Exercise directions. What you return should be only the lines starting at the one that contains "Мишка Потапчик, Мягкие" and running to the end of the listing, exactly as written, minus any pictures.

*** Provided data ***

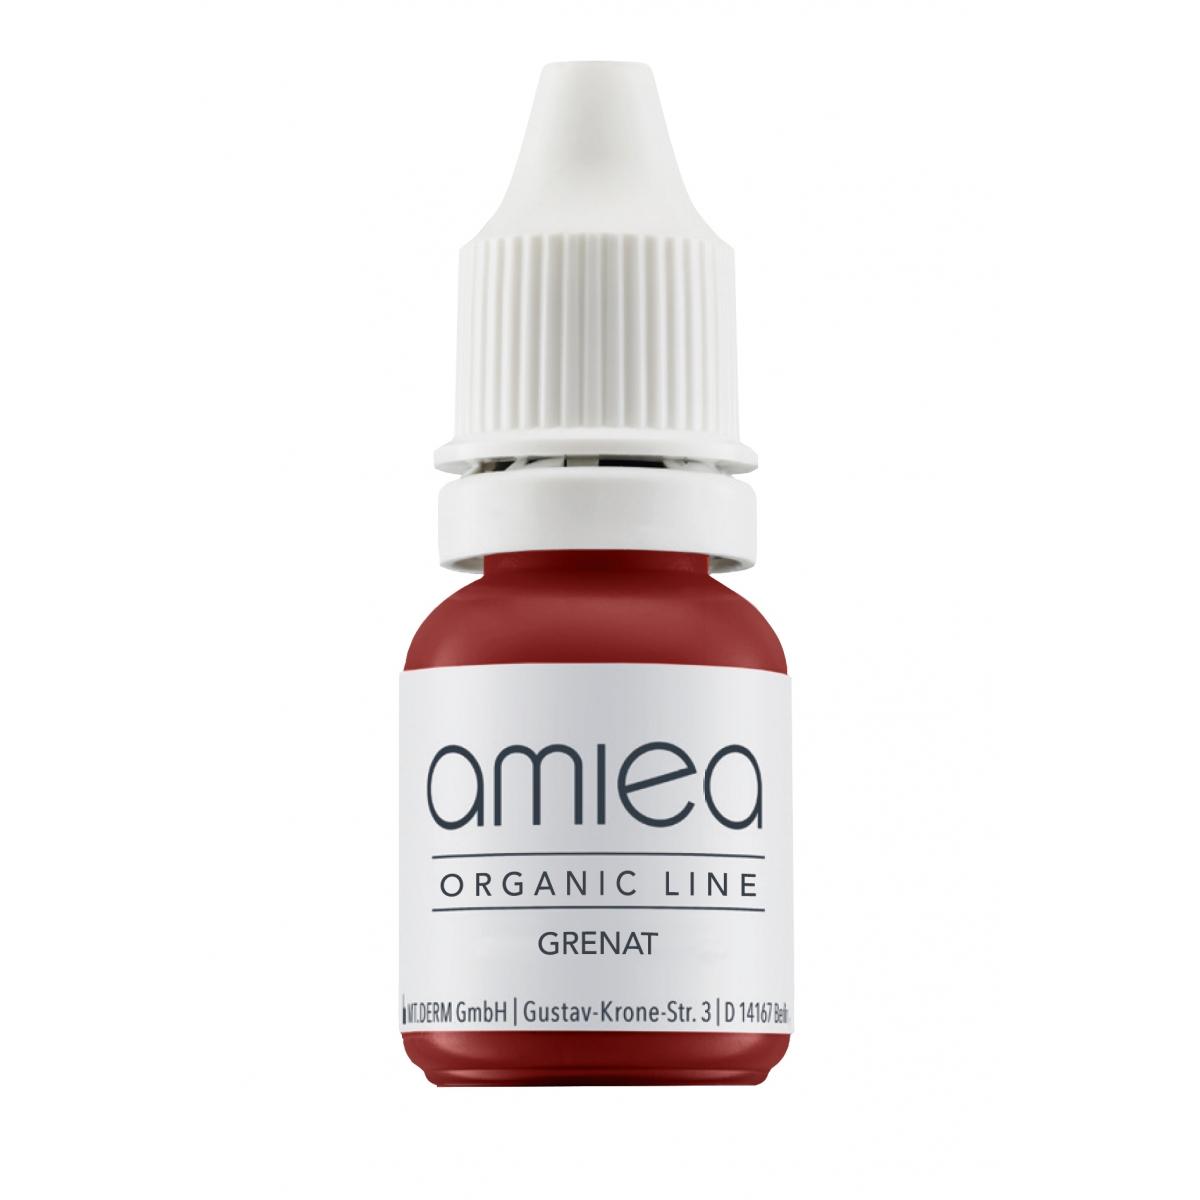 ORGANIC LINE (10ml) - PIGMENT GRENAT ORGANICLINE AMIEA (10 ml)
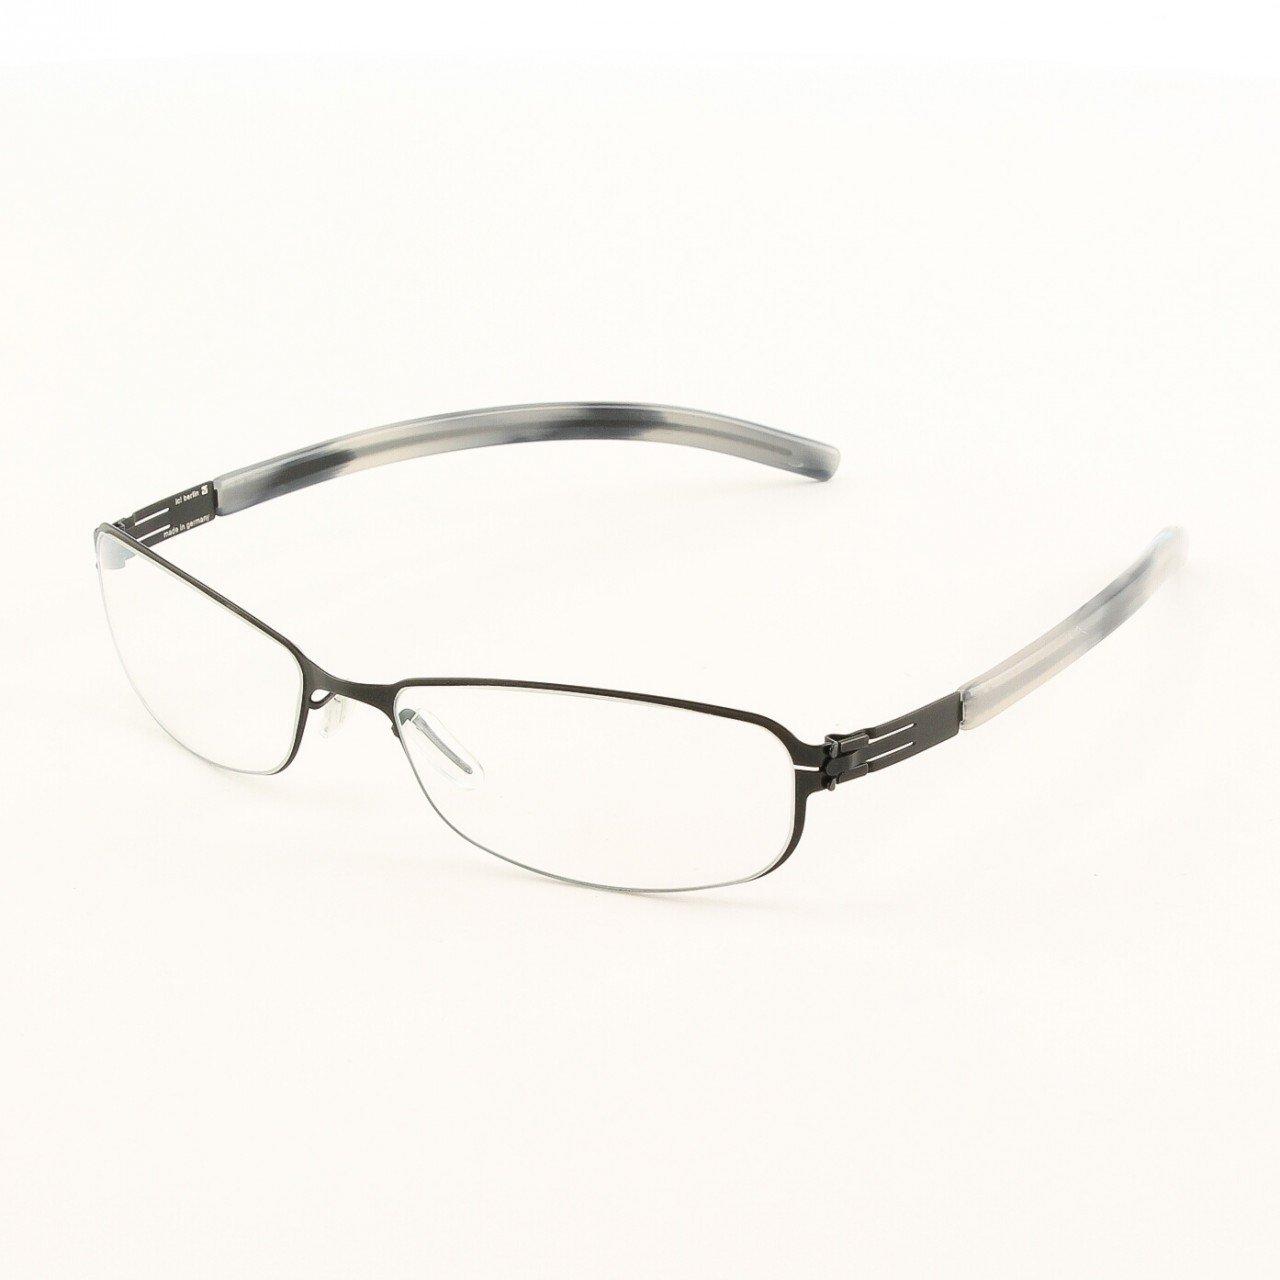 ic! Berlin Haffkrug Eyeglasses Col. Gold with Clear Lenses
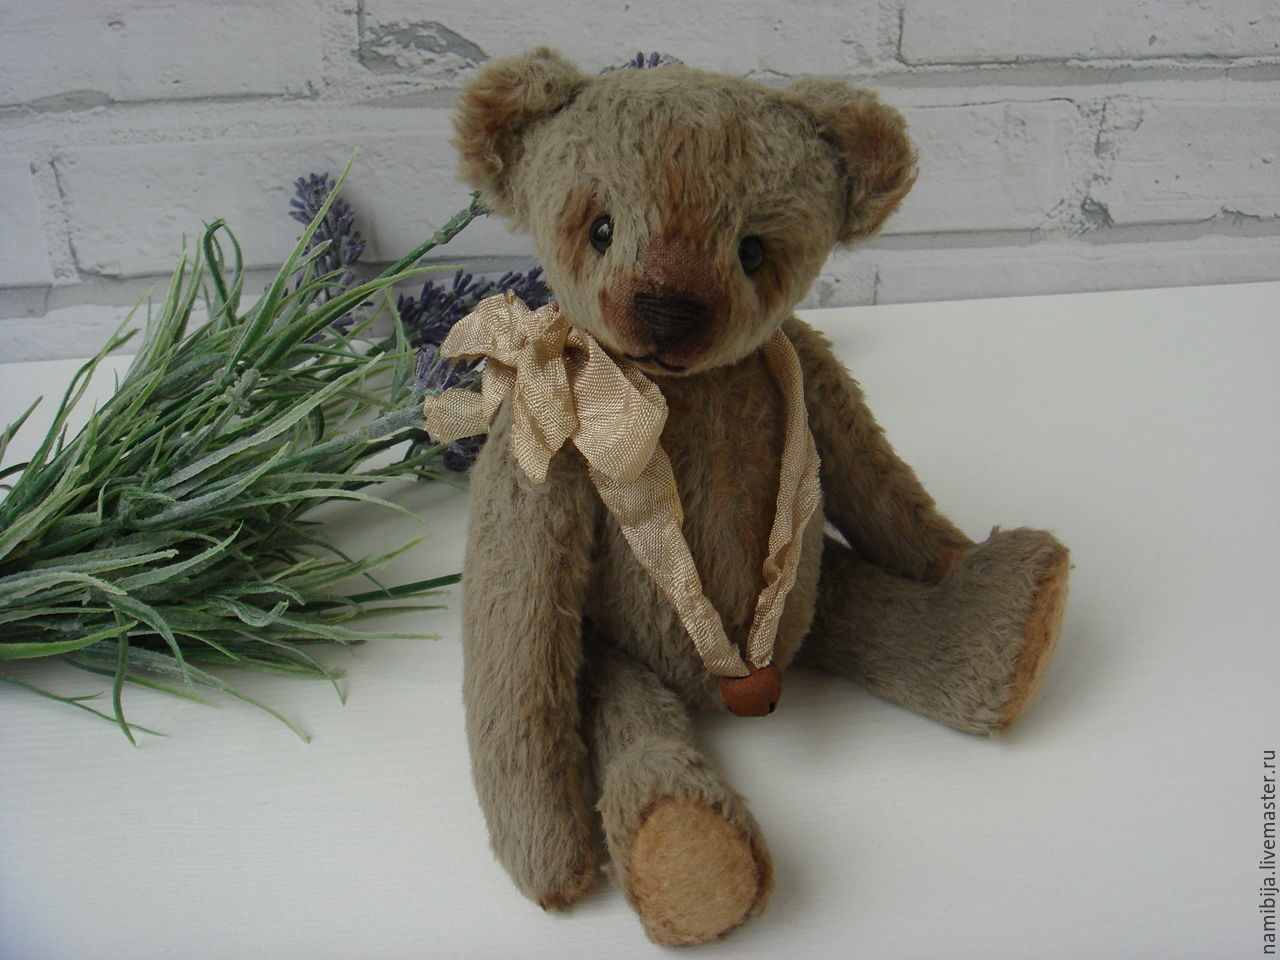 Мишка Потапчик, Мягкие игрушки, Санкт-Петербург,  Фото №1
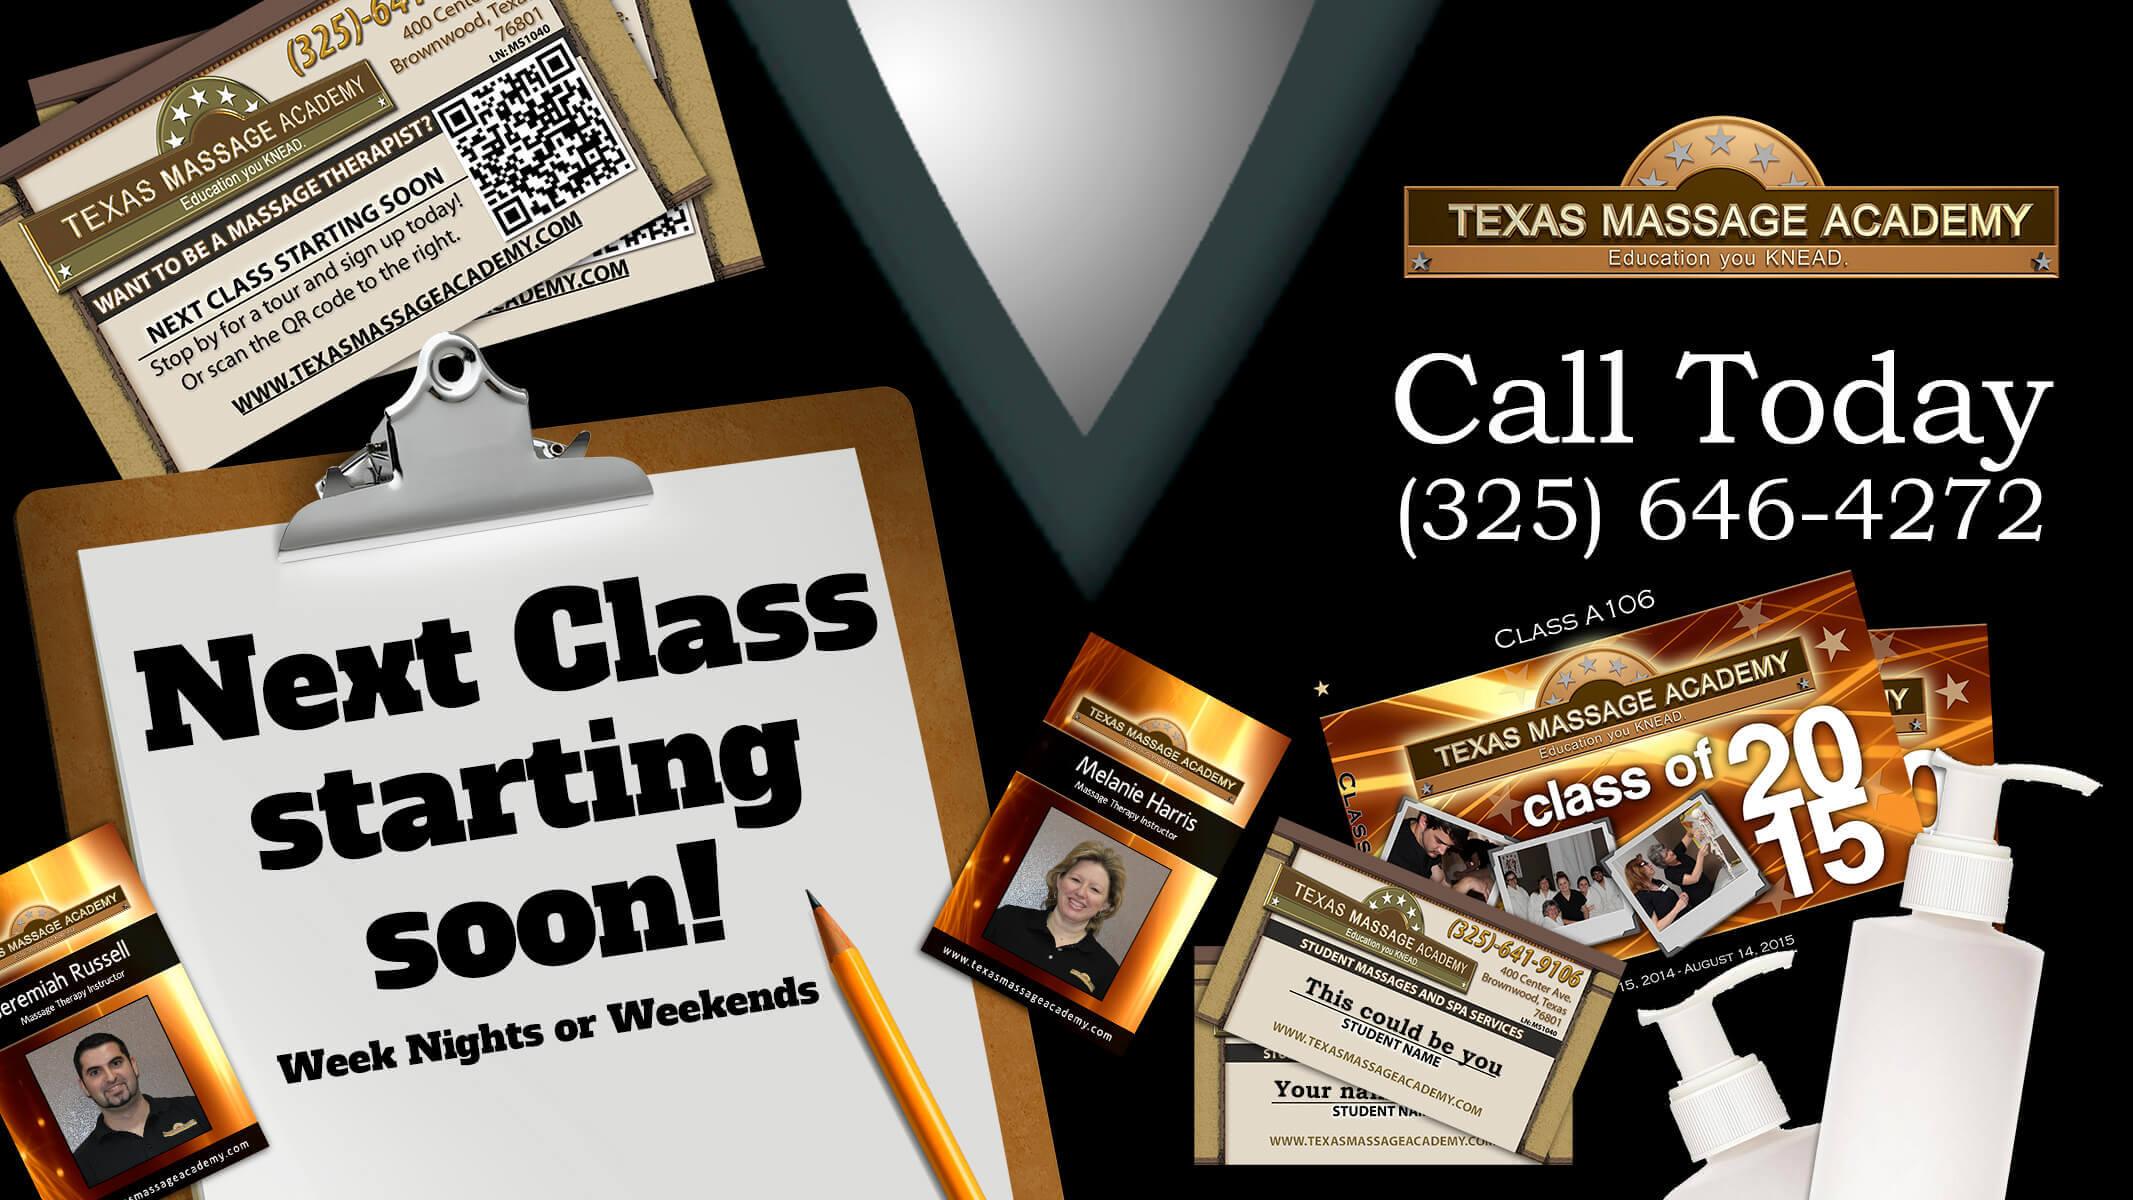 Texas Massage Academy Your Central Texas Massage School

*** End of Provided data ***

Exercise solution.
 Мишка Потапчик, Мягкие игрушки, Санкт-Петербург,  Фото №1
 Texas Massage Academy Your Central Texas Massage School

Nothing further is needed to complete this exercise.